Did this man not know all the commitments on my calendar? Stay home for 6 weeks? I could not process his words. And I couldn't understand why I was crying to be honest. Everyone was giving their recommendations based on the X-ray which showed it was not broken. The MRI did take a while to get approved and be scheduled. I did everything I was supposed to do-but it was not enough.

Thankfully, I do practice meditation. So while it took me a bit to calm my mind after the news, I came to a few realizations. My tears came because I had been forcing my foot to do something it was protesting. I was going based on X-rays and their medical opinions and not taking into consideration how I actually felt- which was ongoing pain whenever I tried to walk.

I was not really listening to my body. And when I realized that- I felt sadness because I believed that I had let myself down. I was focused on the goal- get back to normal- work, work, work- that I totally missed all the cues that something was severely wrong. I felt like a broken person, instead of a person with a broken bone.

How do I balance being a go getter and my natural desire to live life to the fullest but also stop and slow down when I get the cues from my body ? That is the question that I had been faced with.

It's been a week since I got casted (yes I proclaim it to be a verb now :-). I am no longer fighting the need to rest and slow down- I don't have a choice since I can't walk. I was also forced to face some stories I have carried since childhood. I judged inactivity as laziness and equated my worth and value with what I did and produced in the world. I also saw that while I love self- care- it was a good thing to practice only when it had been convenient to do so. All pointing to my need to control outcomes in some way and push myself to produce all the while ignoring pain signals.

But guess what--rarely do I get to be the general manager of the universe- well let's be serious - how about never.

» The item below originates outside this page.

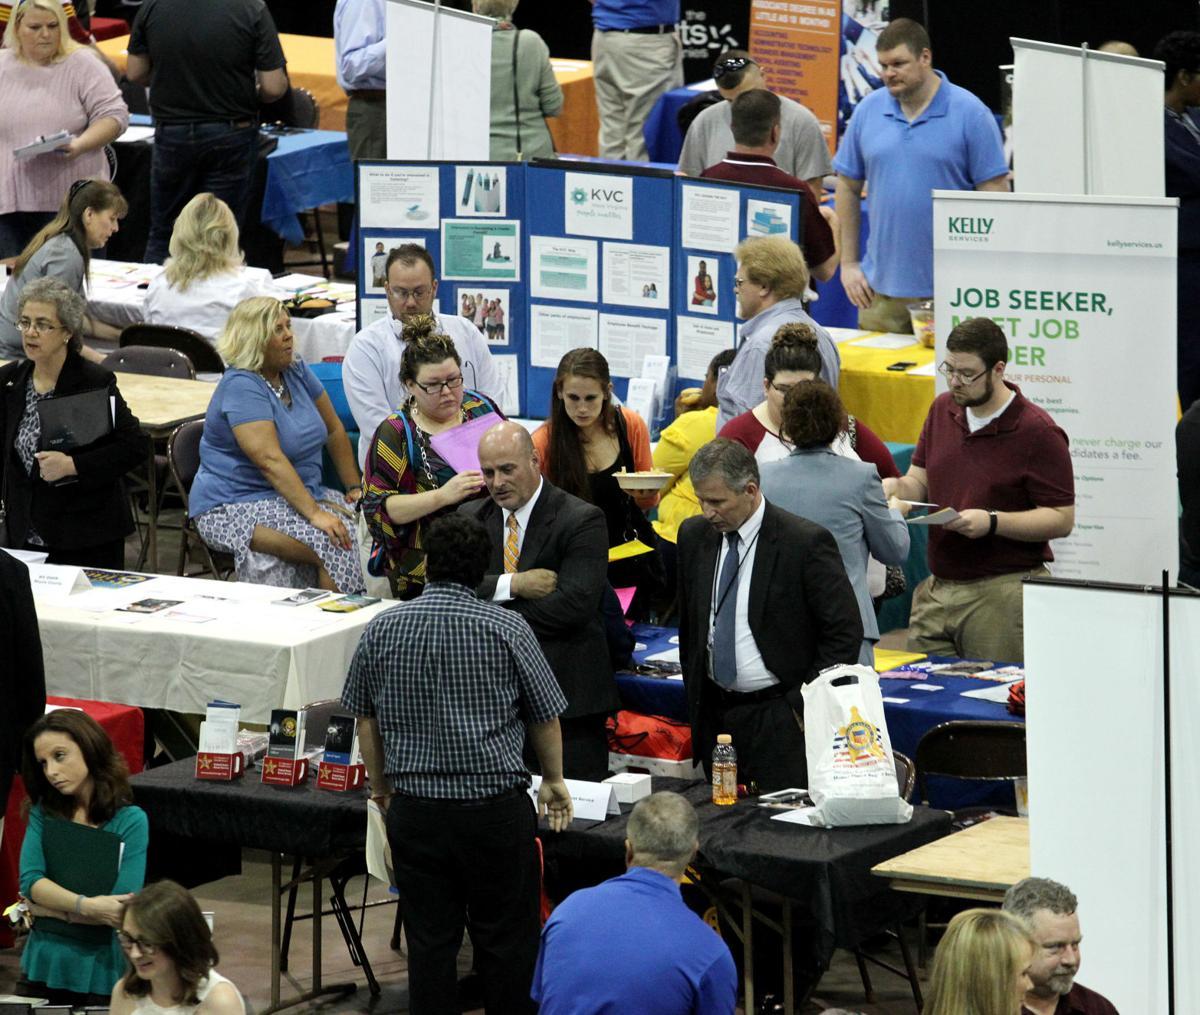 job fair strives to link employers to job seekers business job fair strives to link employers to job seekers

I don't have as much control as I like to think. But I do have control as to whether I am going to allow myself to feel whatever I feel when I feel it. I can control how kind I am to myself when things don't go my way, and I do control how often I hold myself in a space of love and acceptance no matter what is going on out there.

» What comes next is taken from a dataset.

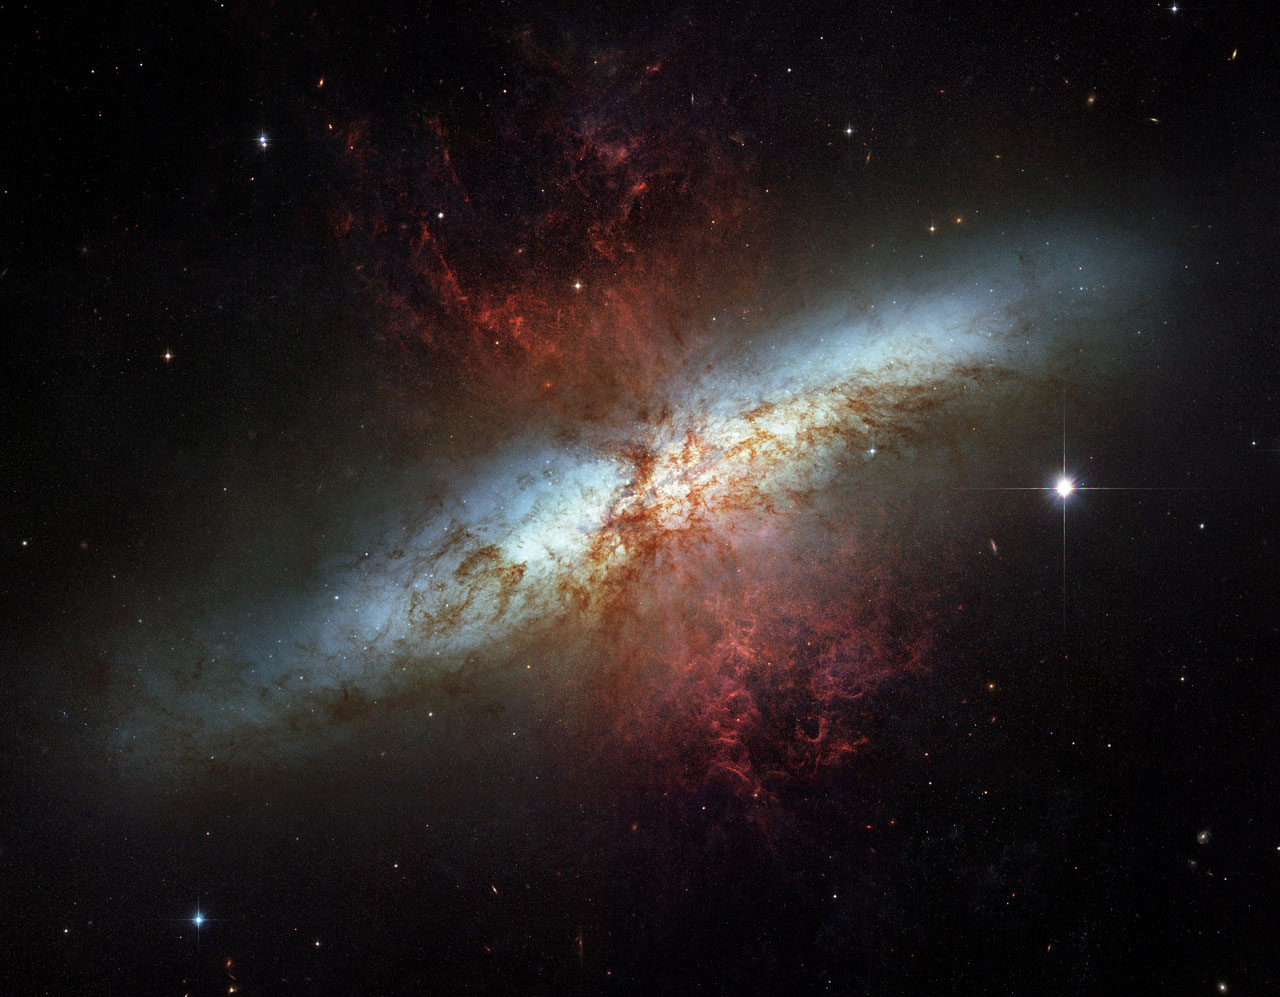 The magnificent starburst galaxy Messier 82 ESAHubble 1280x997

I might have a broken foot, but I am feeling way more "whole" now than I did just a month ago when all of my bones were fully connected. Maybe sometimes we need to be taken out of the game for a little while to evaluate what is our purpose and intention before we get back on the court.

And maybe we need reminders that while bones or even our hearts may break through the business of living, the peace that lives in our souls can remain unbroken...

In the meantime, I will focus on healing myself in the only way there really is to heal, which is to let my body do what it needs to do and not judge it. And along the way maybe I can make the best use of my sedentary time and just "Be" without always having to "Do". It's not like I have much of a choice anyway...And at this juncture in life...I am becoming more "Ok" not having the imagined control I used to think I had.